◆ Collected data
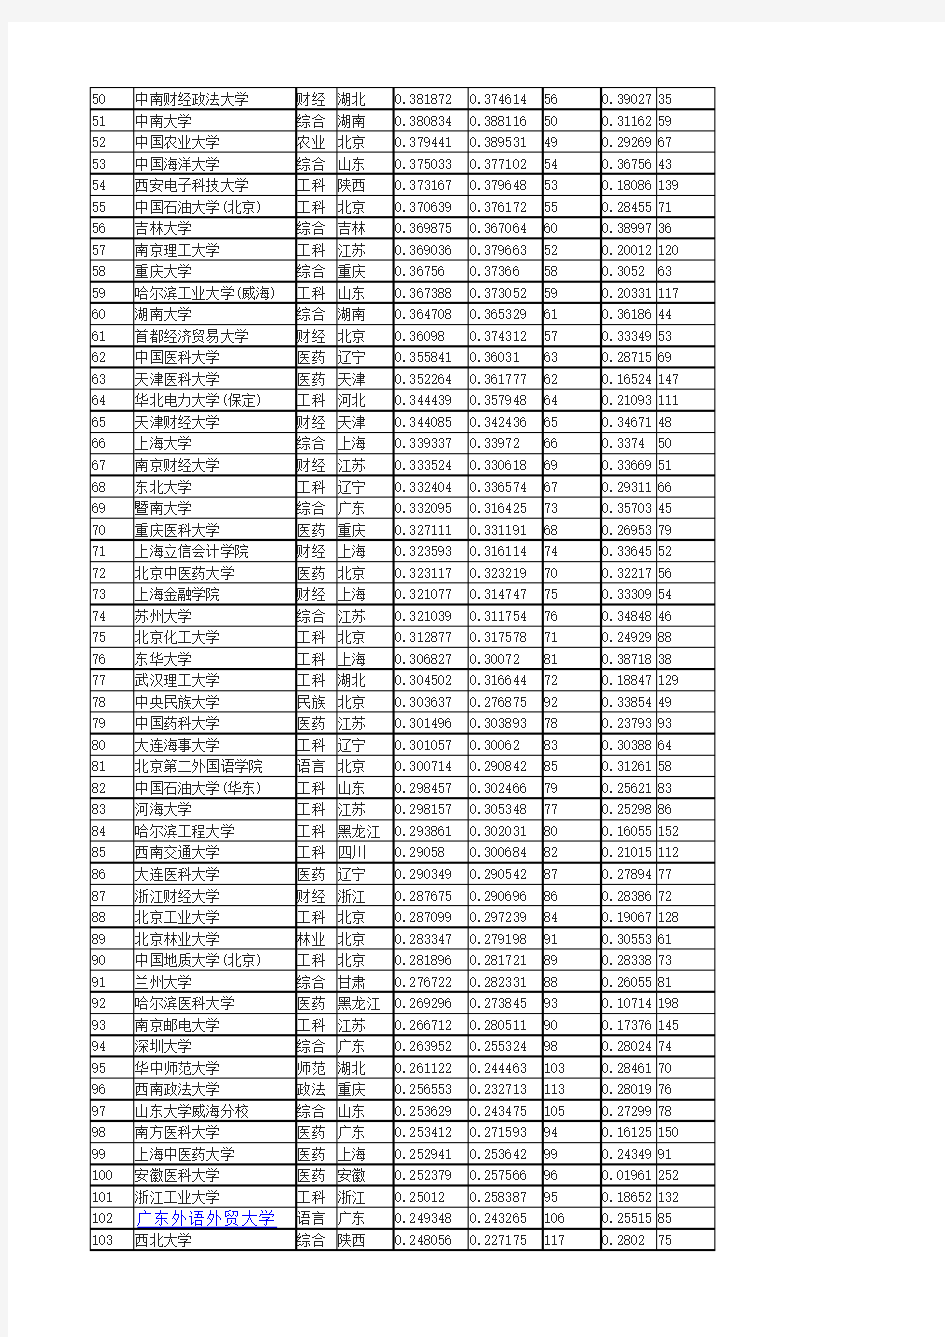 2017中国大学录取分数线排行榜(最新最全统计分析)
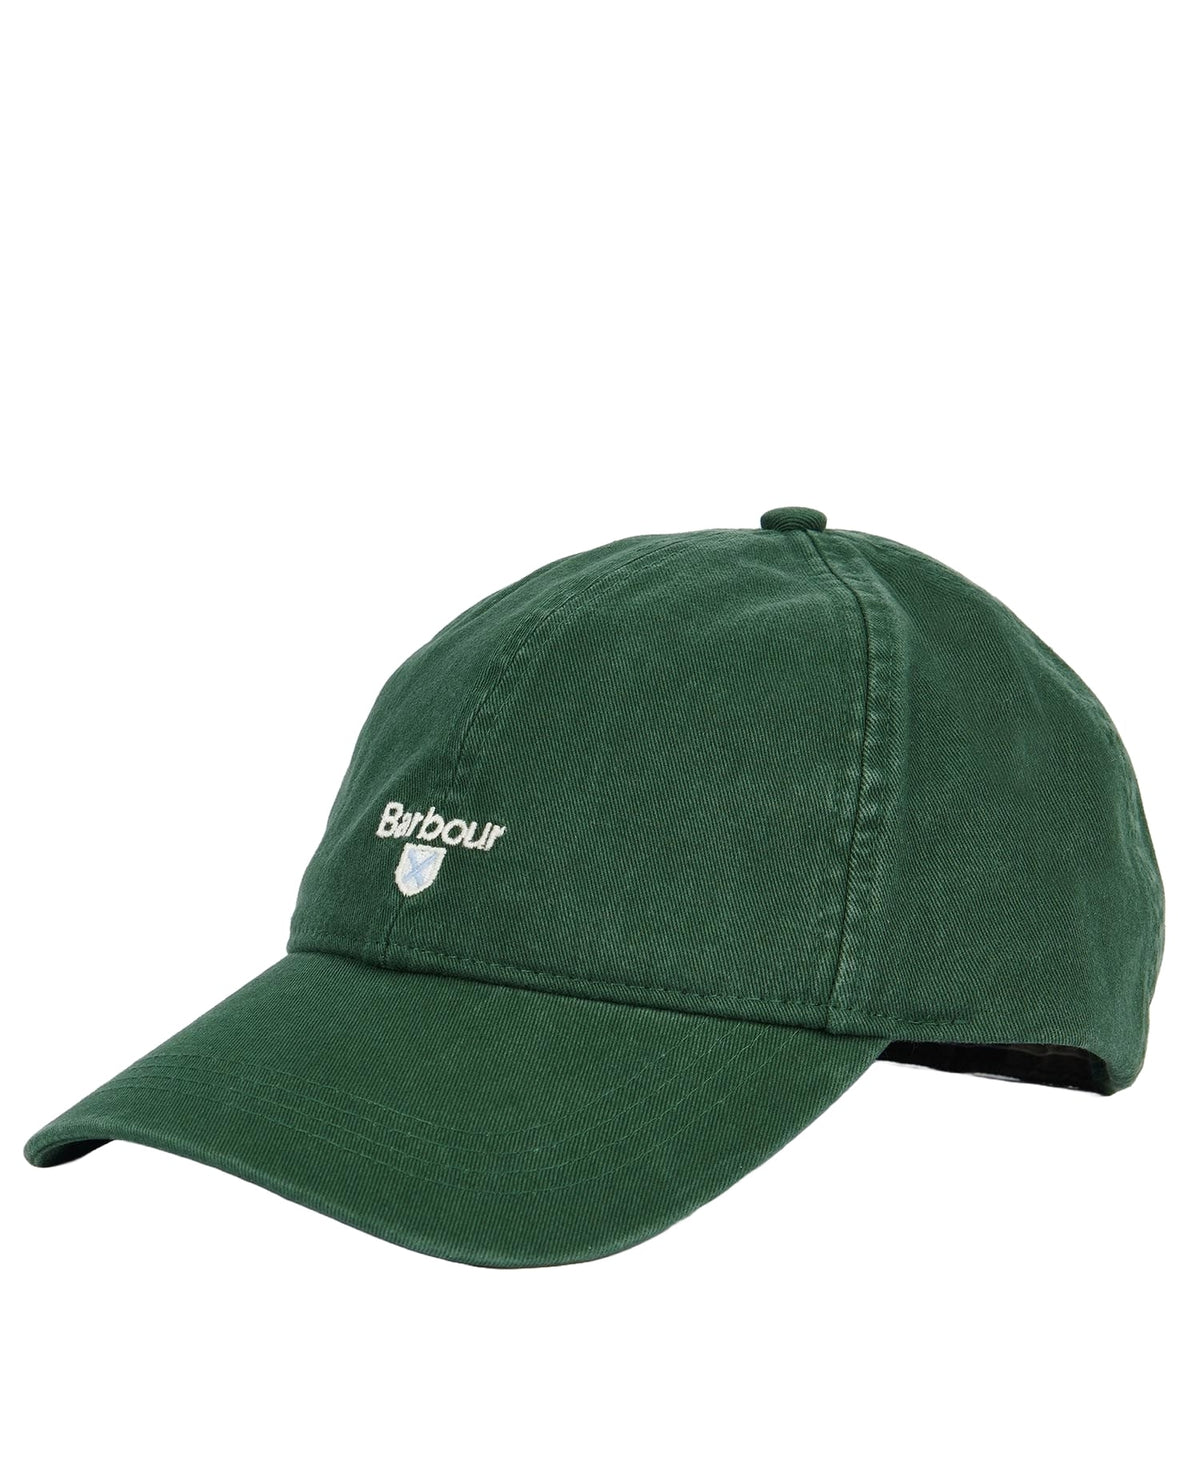 Barbour Green Cascade Sports Cap
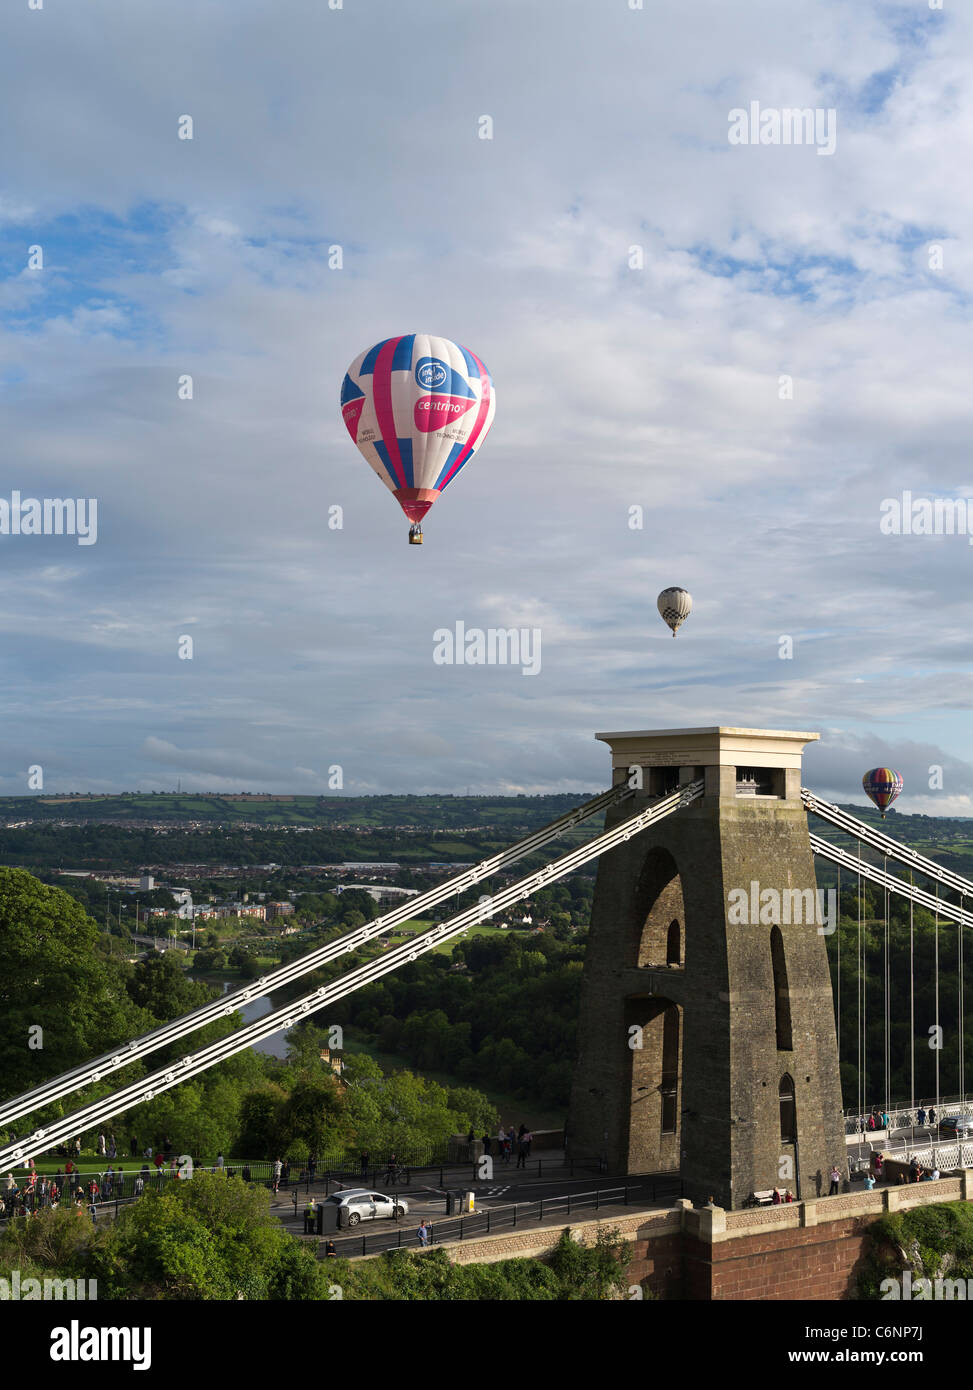 dh Balloon festival international CLIFTON BRISTOL montgolfières voler Au-dessus du pont suspendu royaume-uni fiesta Angleterre Royaume-Uni Banque D'Images
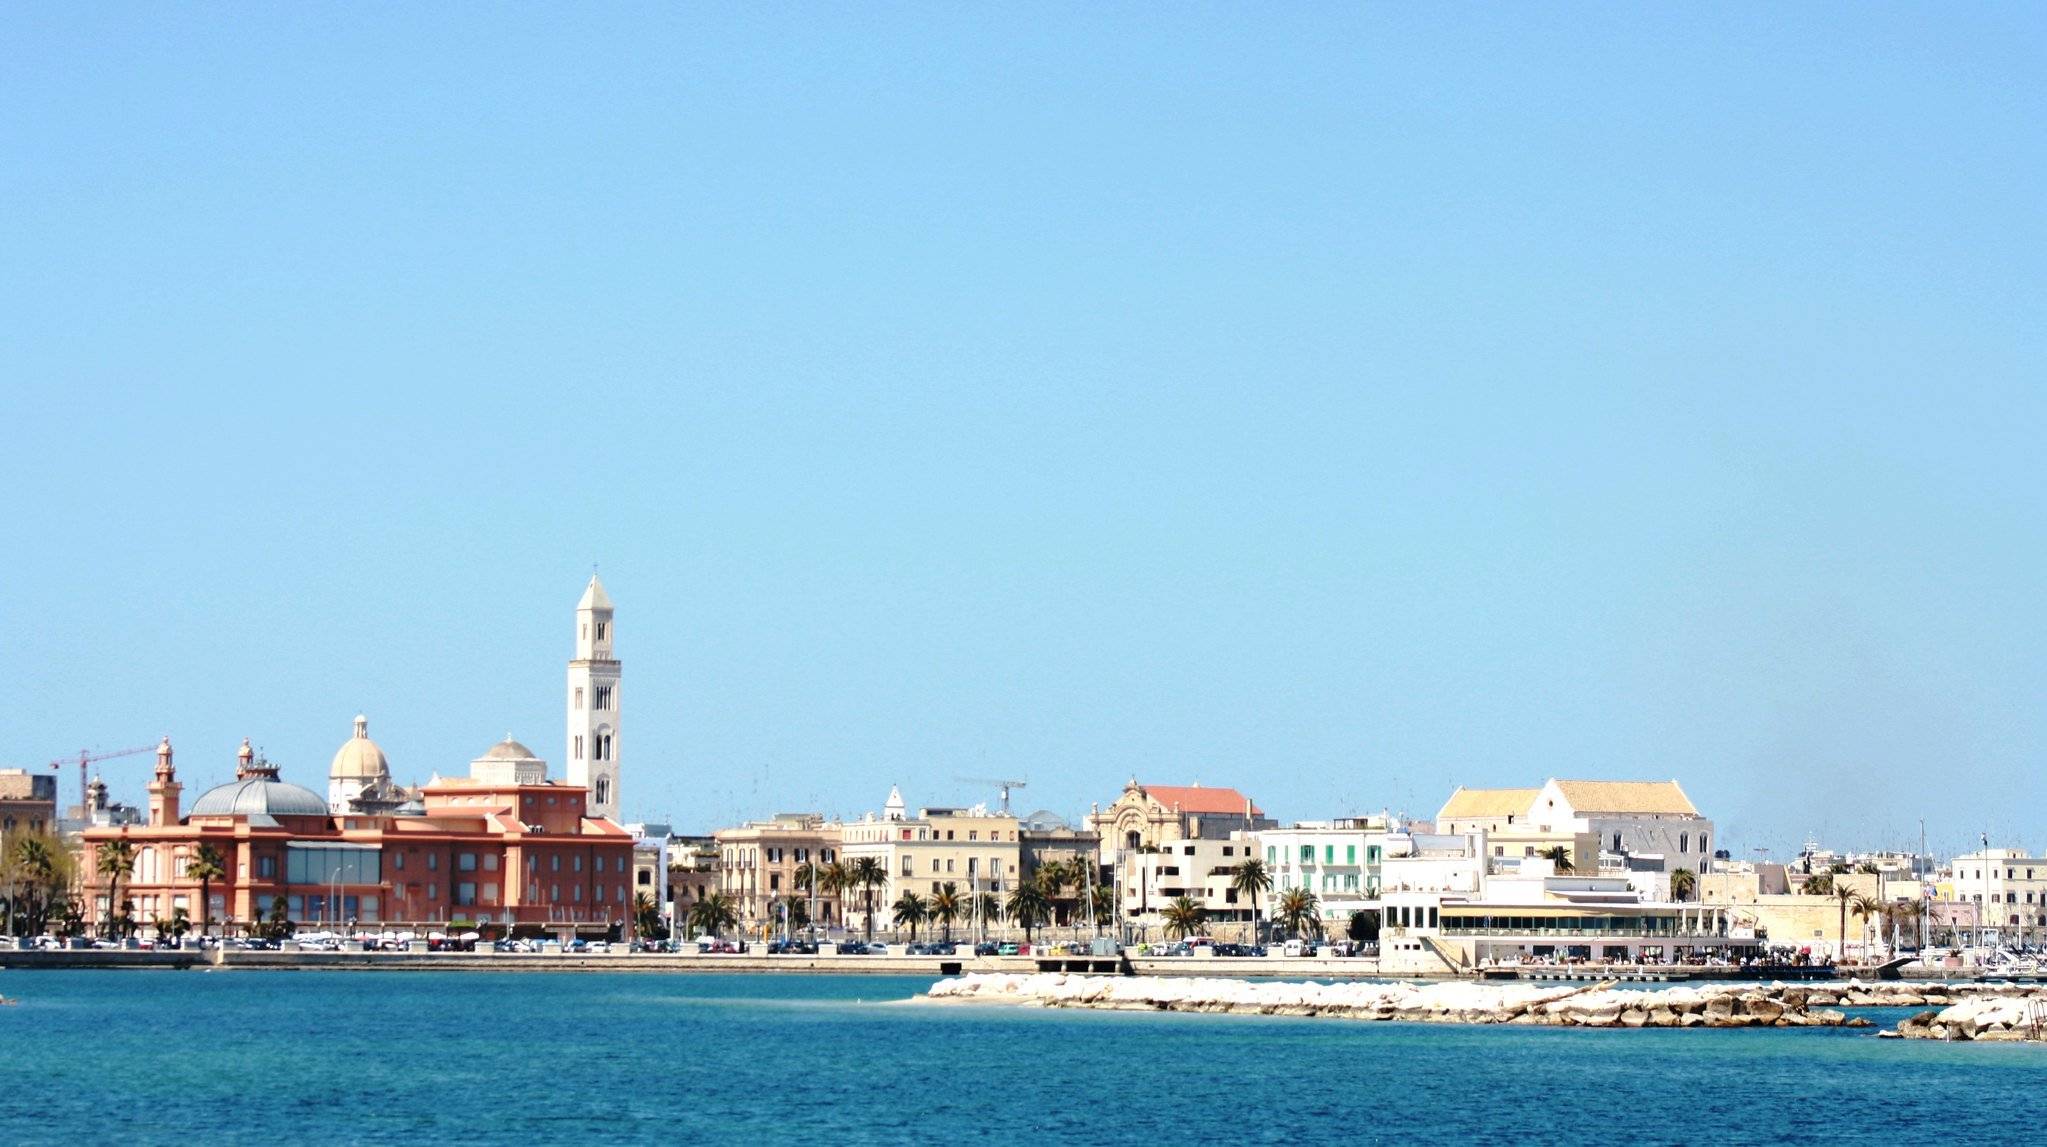 La ciudad costera de Bari

◆ Work request
Skip the pictures and copy exactly the lines from the one containing "Barbour Green Cascade Sports Cap" through the end of the material, both ends included.

◆ Answer section
 Barbour Green Cascade Sports Cap
 dh Balloon festival international CLIFTON BRISTOL montgolfières voler Au-dessus du pont suspendu royaume-uni fiesta Angleterre Royaume-Uni Banque D'Images
 La ciudad costera de Bari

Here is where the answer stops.